Madoff and His Ponzi Scheme
I guess it isn’t surprising that the greedy and gullible still fall for this scheme, but this one is rather amazing in its sheer size.
Investors around the world are counting the spiralling cost of the biggest fraud in history, a $50bn scam that has ensnared billionaire businessmen and tiny charities alike and whose tentacles have stretched further and deeper than anyone imagined.
The fallout from the arrest of the Wall Street grandee Bernard Madoff was continuing to grow last night, as institution after institution detailed the extent of their possible losses, and the victims in the UK were headlined by HSBC and the Royal Bank of Scotland, which is majority-owned by the British Government.

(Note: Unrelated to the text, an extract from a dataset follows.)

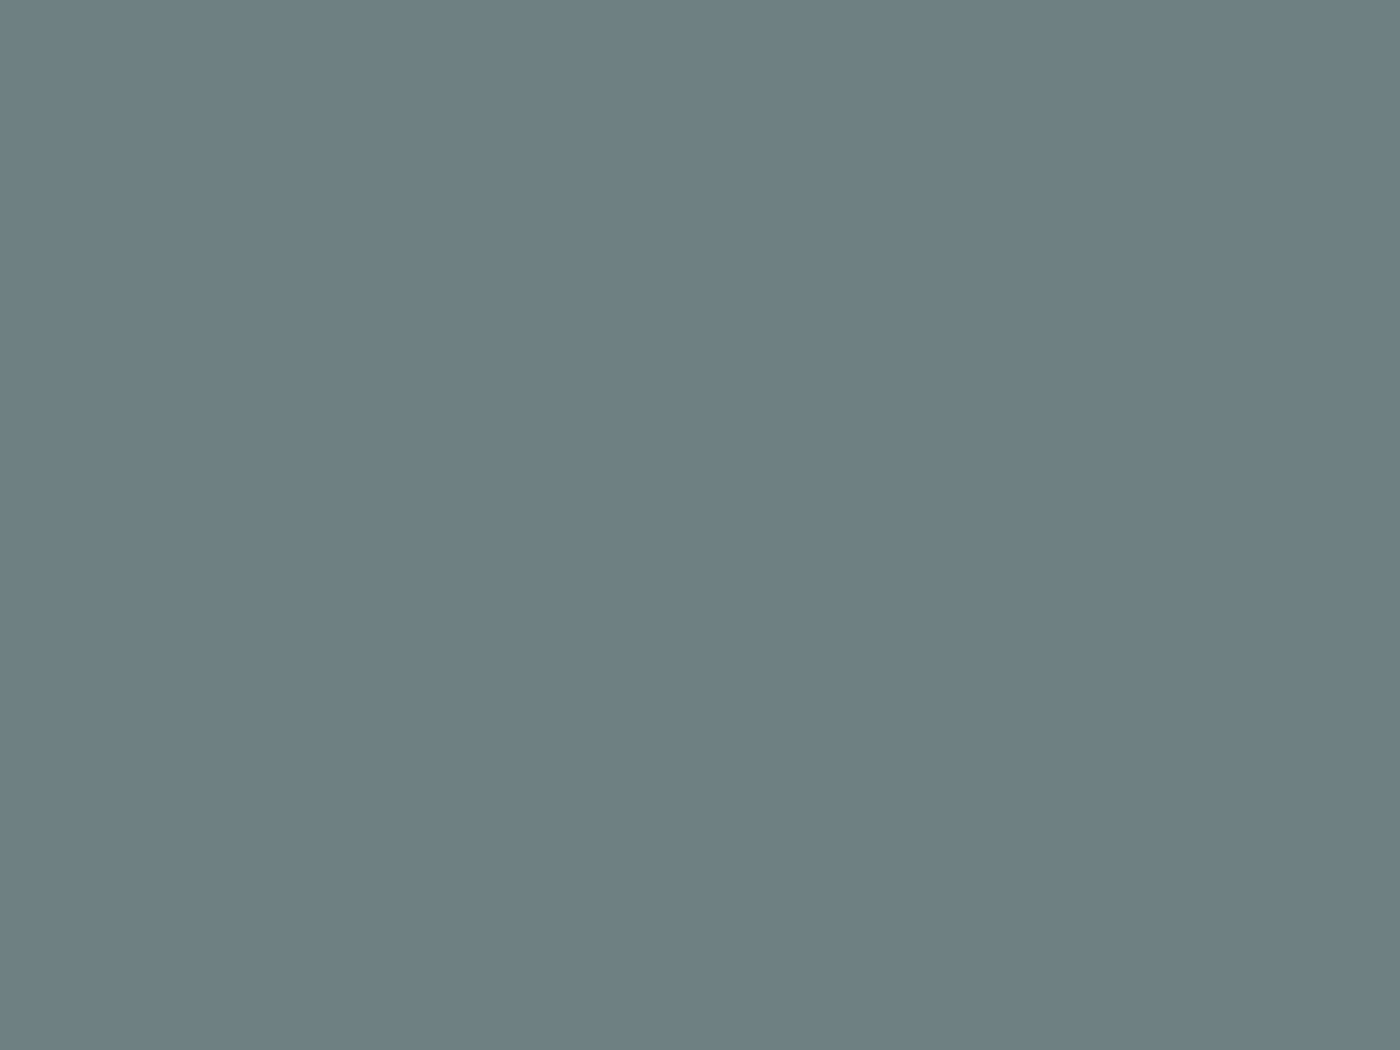 1400x1050 AuroMetalSaurus Solid Color Background

But the biggest confessions were coming from Wall Street, from the City of London and from the headquarters of European banks and from banks around the world. They have poured billions of dollars into Mr Madoff’s too-good-to-be-true investment fund, which appeared to post double-digit annual returns come rain or shine.
Mr Madoff confessed last week that his business was “all one great big lie”. The investment returns were fake, and he had been paying old clients with money from new ones. In its conception, the scam is a classic. In its size, it is breathtaking, eclipsing anything seen before. He personally estimated the losses at $50bn, according to the FBI, and as investors owned up to their exposure yesterday that did not seem impossible. For 48 years, until Thursday morning, Mr Madoff was one of Wall Street’s best-respected investment managers, able to harvest money from a vast network of contacts and to trade on his name as a former chairman of the Nasdaq stock exchange.
Funny how even supposedly the very rich and smart can get caught by too-good-to-be-true opportunities.
Nicola Horlick, the British fund manager known as Superwoman for juggling her high-flying City career with bringing up five children, turned her fire on US regulators. Her Bramdean Alternatives investment fund had put 9 per cent — about £10m — with Mr Madoff.
Yes it is so much more comforting to blame regulators than it is to blame oneself for one’s own stupidity. Funny how “Superwoman” now has to be told, “Remember, if it sounds too good to be true…it probably is.” Oh and can we stop calling her Superwoman now?
Update: Lovely a judge is going to partially protect investors from their own stupidity.
Meanwhile, a federal judge on Monday threw a lifesaver to investors who may have been duped, saying they need the protection of a special government reserve fund set up to help investors at failed brokerage firms.
U.S. District Judge Louis L. Stanton ordered that clients of Madoff’s private investment business seek relief under a federal statute created to rescue cheated investors. Stanton also ordered that business be liquidated under the jurisdiction of a bankruptcy court and named attorney Irvin H. Picard as trustee to oversee that process.
Stanton signed the order after the Securities Investor Protection Corporation asked that steps be taken to protect investors in the scheme, which has ensnared several major banks and prominent figures as victims and could result in as much as $50 billion in losses.
Congress created the SIPC in 1970 to protect investors when a brokerage firm fails and cash and securities are missing from accounts. Funds can be used to satisfy the remaining claims of each customer up to a maximum of $500,000. The figure includes a maximum of up to $100,000 on claims for cash.
Oh and tax payers who didn’t get to ride the gravy train will get to pay for it…even better. Keep in mind that many of these people who will get at least some restitution are extremely wealthy and they are in the position they are in now due to their own greed and foolishness. Protecting people in this case strikes me as precisely the wrong thing to do.
Update II: Commenter cfpete points out some good news, that the SIPC is funded via member brokers fees so that the tax payers will not have to take a hit. Still, I don’t think such funds should be used in cases like this as it could have the perverse effect of reducing people’s responsibility to make sure that the firms that they give their money to are reliable and not running a scam.